Clinical Trials Logo

Clinical Trial Details — Status: Completed

Administrative data

NCT number NCT04874974
Other study ID # 21-0025
Secondary ID
Status Completed
Phase N/A
First received
Last updated
Start date May 10, 2021
Est. completion date September 23, 2023

Study information

Verified date October 2023
Source Max-Planck-Institute of Psychiatry
Contact n/a
Is FDA regulated No
Health authority
Study type Interventional

Clinical Trial Summary

The purpose of this single-arm feasibility study is to develop and pilot test a novel process-based and modular group therapy approach for patients with acute psychotic symptoms in an inpatient setting.


Description:

Due to the enormous economic and social costs of psychotic-spectrum disorders, increasing the effectiveness of treatment options has become an important subject for psychiatric research. Latest findings in the field of psychotherapy for psychosis show some promising results for so-called Process-based Therapies (PBT) such as the Metacognitive Training (MCT) and Acceptance and Commitment Therapy (ACT) (Barnicot et al., 2020).
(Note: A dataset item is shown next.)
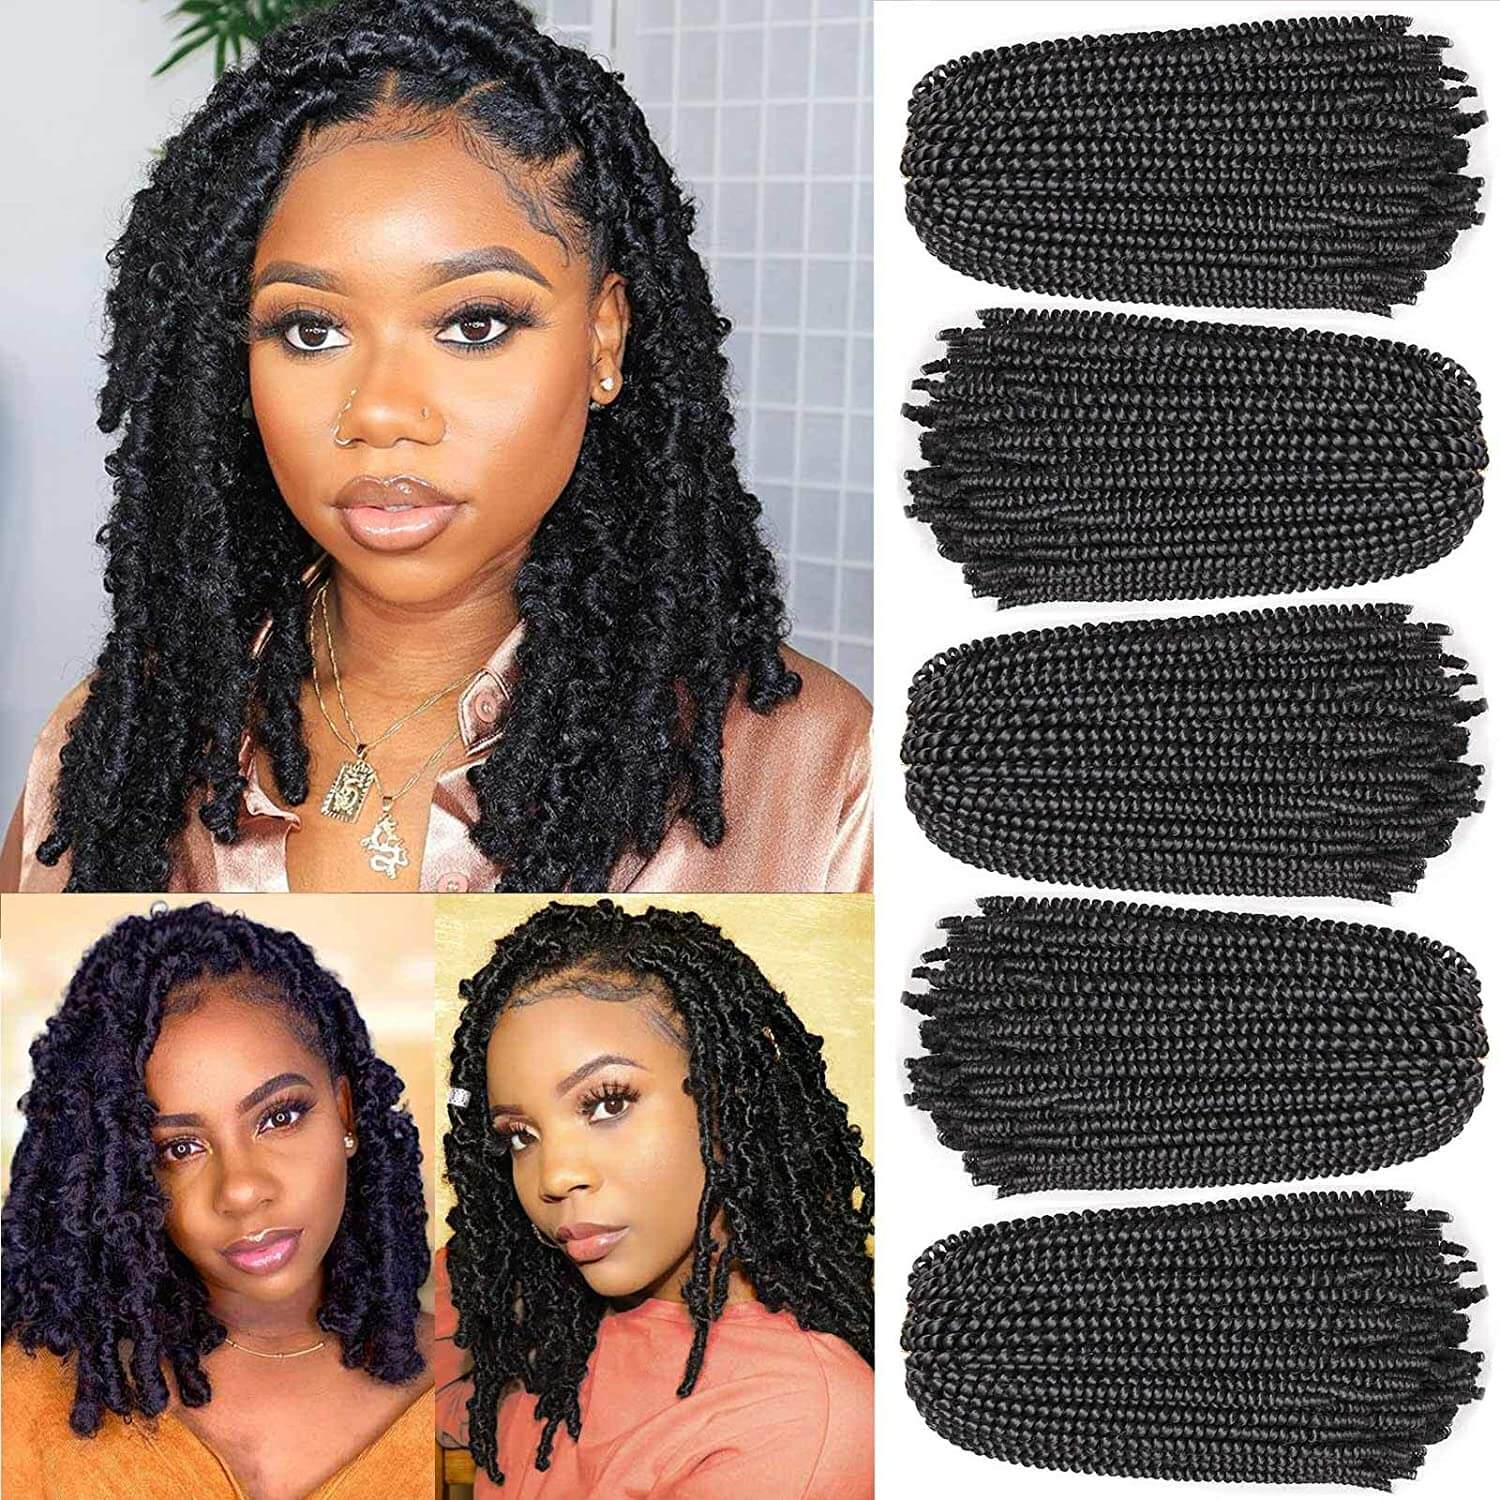 12 Inch Spring Twist Ombre Colors Butterfly locs Crochet Braiding Hair  Extensions – Xtrend Hair
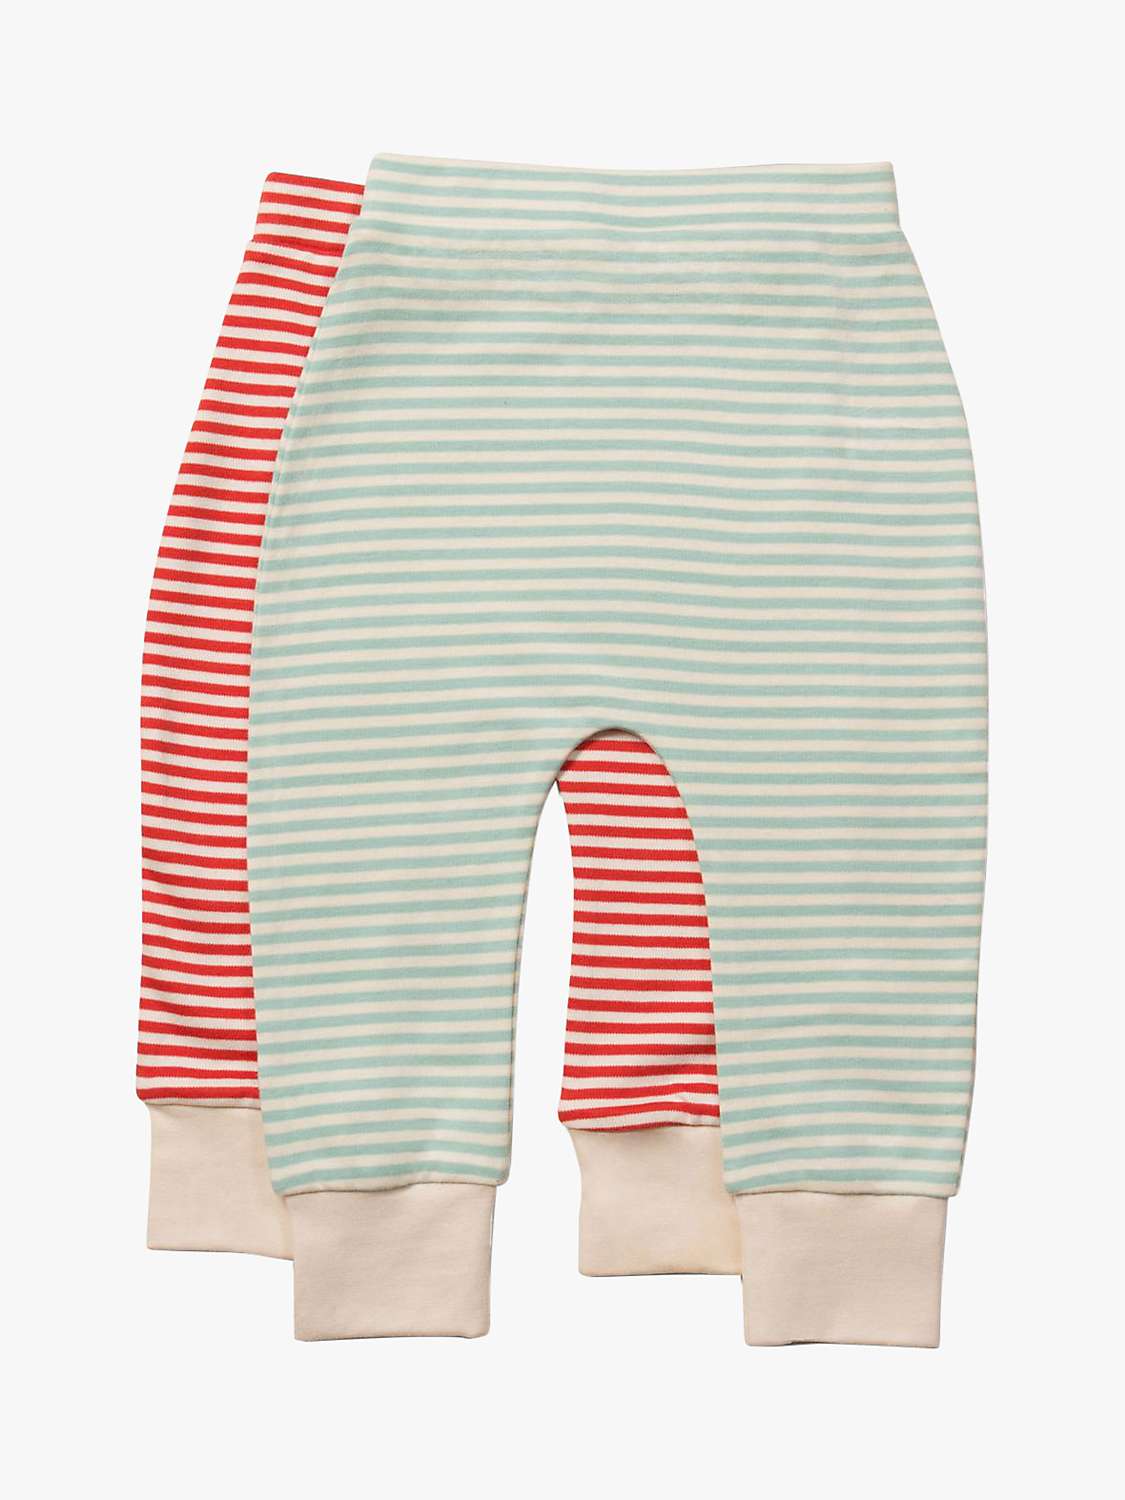 Buy Little Green Radicals Baby Organic Striped Wriggle Bottom Trousers, Pack of 2 Online at johnlewis.com

Instead of trying to change the content of psychotic symptoms such as hallucinations and delusions, PBT directly address cognitive processes, which have been found to maintain the disorder's symptomatology (Hayes et al., 2020). While MCT focusses on changing patients' cognitive biases by inducing metacognition (Moritz & Woodward, 2007), ACT works with psychological processes such as mindfulness, willingness and cognitive distancing (Gaudiano & Herbert, 2006). There is a growing study base for PBT in a psychotic outpatient setting, research in non-ambulatory settings though is rare (Barnicot et al., 2020). Therefore, the aim of the current study is to develop and test the feasibility and safety of a new process-based group therapy program for acute psychotic patients. The five-week treatment approach will consist of three different modules combining interventions from both MCT and ACT (Module I: Psychoeducation, Module II: Metacognition, Module III: Cognitive Defusion). First preliminary effectiveness and process measures (PANSS, BPRS, WHO-DAS, CGI, BCIS and CFQ) will also be included in order to inform the design of future research. Thus, the study will give valuables insights in the feasibility and effectiveness of an innovative psychotherapy approach and breaks new ground in the field of psychotherapy research for psychosis.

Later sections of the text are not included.